In the current study, we set out to extend the three-parameter Modified Weibull (MW) distribution in an attempt to propose a four-parameter distribution named the Modified Weibull Poisson (MWP) distribution including such noticeable submodels as Exponential Poisson, Weibull Poisson, and Rayleigh Poisson known as the distributions subsumed under the umbrella term MWP. Depending on its parameter values, this overarching distribution was demonstrated by this work to exhibit some hazard rates like decreasing, increasing, bathtub, and upside-down bathtub ones. In addition to the hazard rates of the MWP, the mathematical properties as well as the properties of maximum likelihood estimations were brought to the forefront, and the very capability of the quantile measures to be explicitly expressed in terms of the Lambert W function was vigorously discussed.
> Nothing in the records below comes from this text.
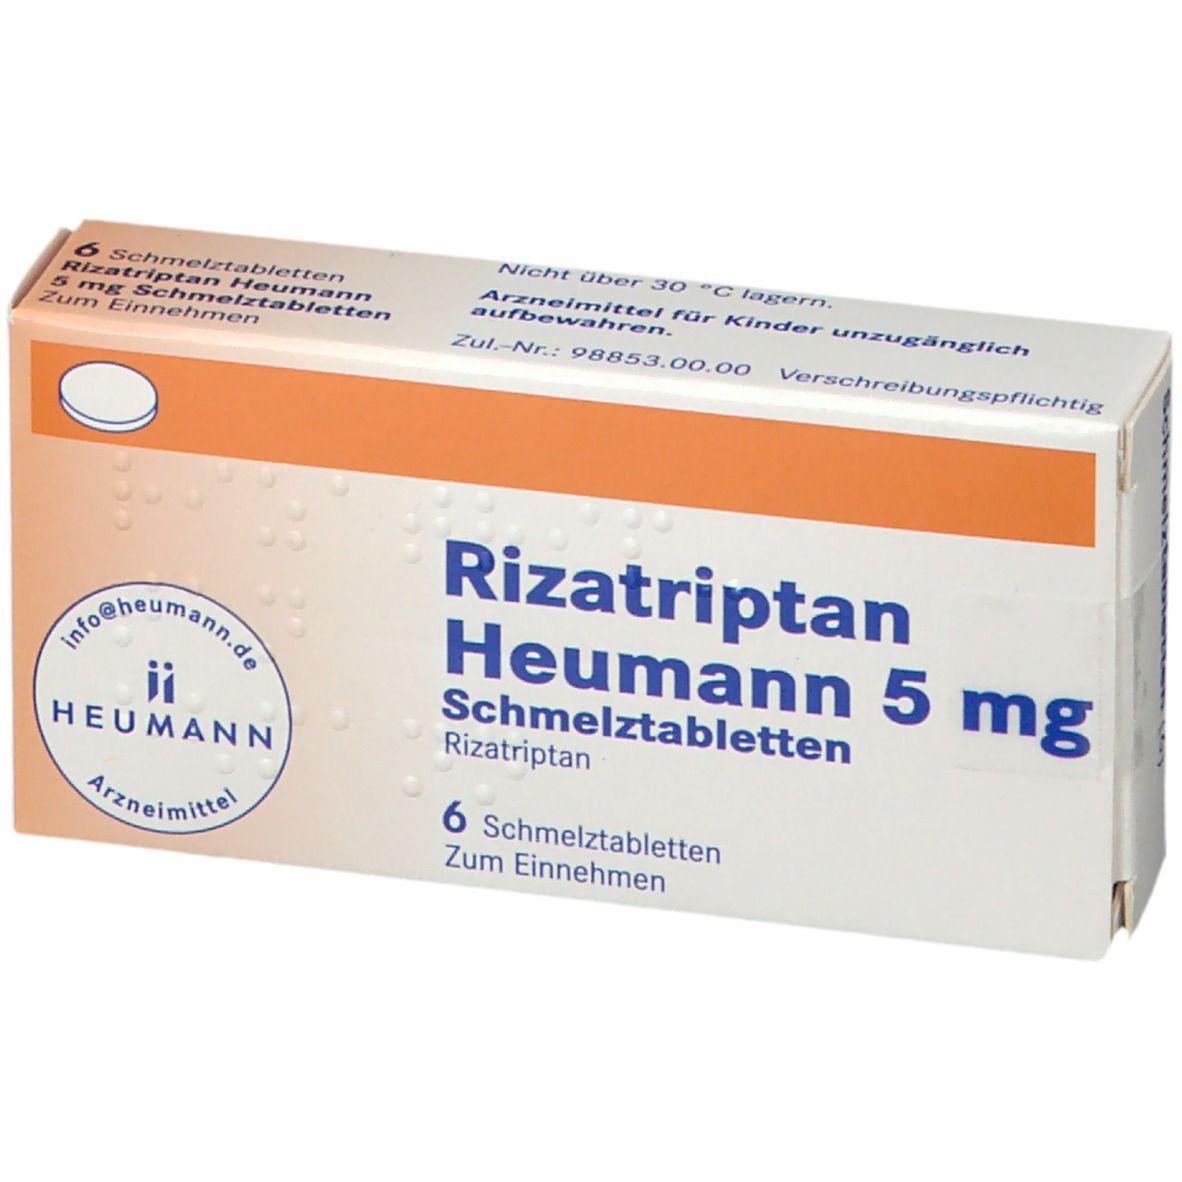 Rizatriptan Heumann 5 mg Schmelztabletten
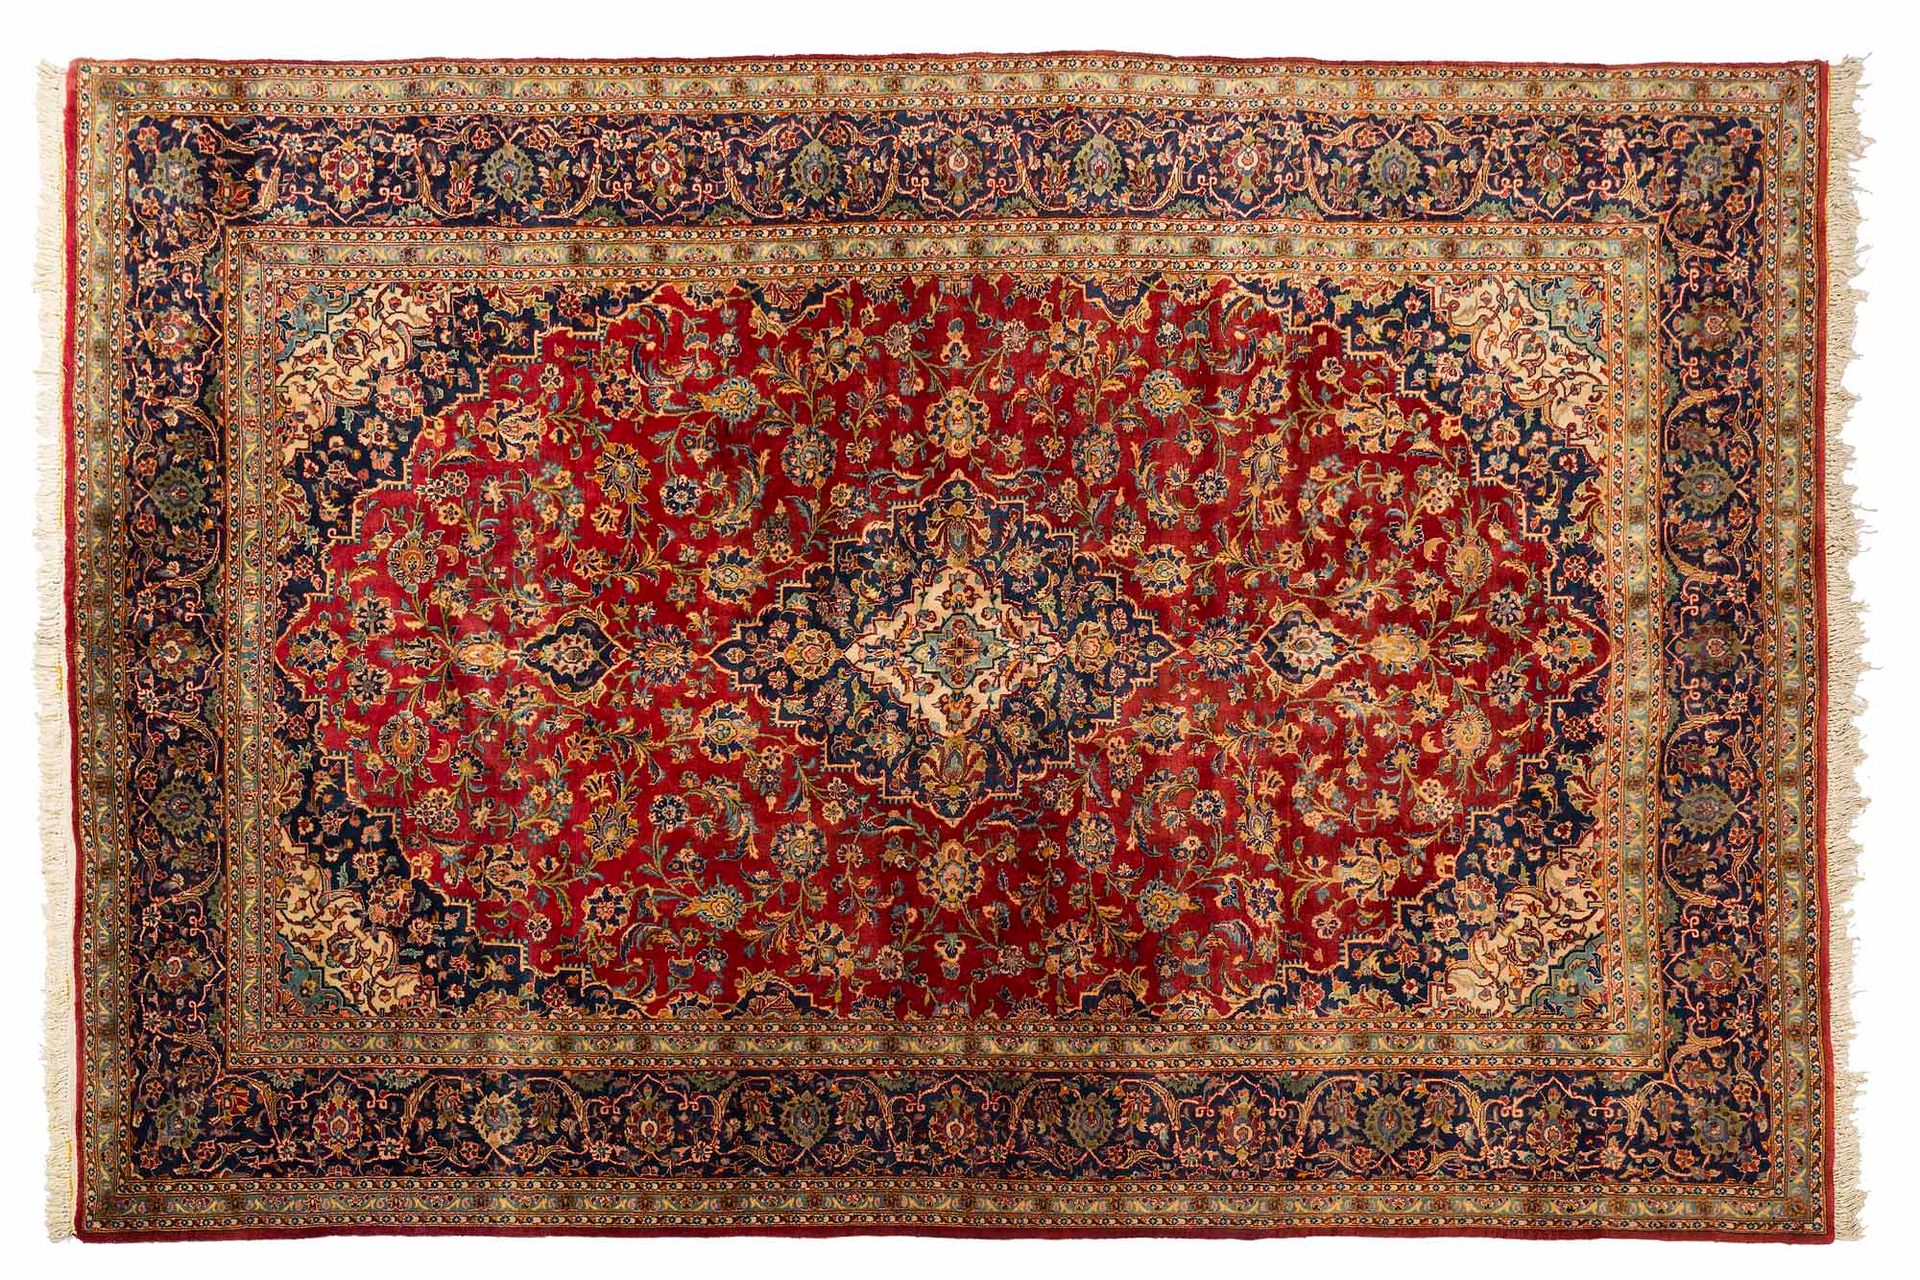 Null KACHAN地毯（伊朗），20世纪中期

尺寸：350 x 250厘米。

技术特点 : 羊毛丝绒，棉质基础。

覆盖着五颜六色花朵卷轴的砖地，承载着&hellip;
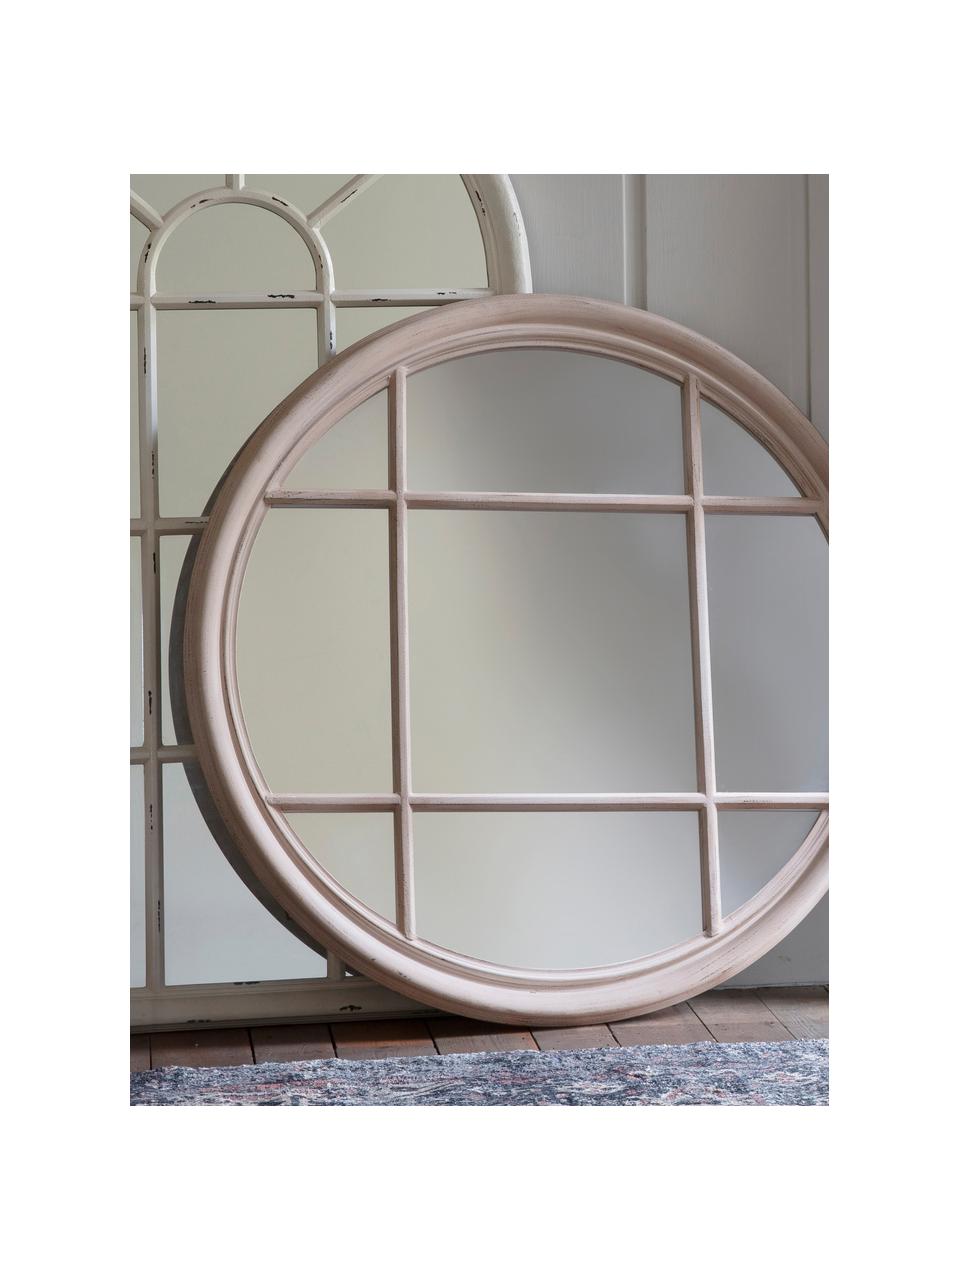 Specchio rotondo da parete Eccleston, Cornice: legno, verniciato, Superficie dello specchio: lastra di vetro, Greige, Ø 100 x Prof. 4 cm

To shed light on the functioning of the maximum likelihood estimators and their asymptomatic results for the finite sample sizes, some numerical experiments were carried out leading to two data sets intended chiefly to illustrate or explicate the higher levels of importance and flexibility of the MWP in comparison with its standard counterparts, namely the Weibull, Gamma, and MW distributions. Copyright Springer-Verlag Berlin Heidelberg 2015

Suggested Citation

  • Leila Delgarm & Mohammad Zadkarami, 2015. "A new generalization of lifetime distributions," Computational Statistics, Springer, vol. 30(4), pages 1185-1198, December.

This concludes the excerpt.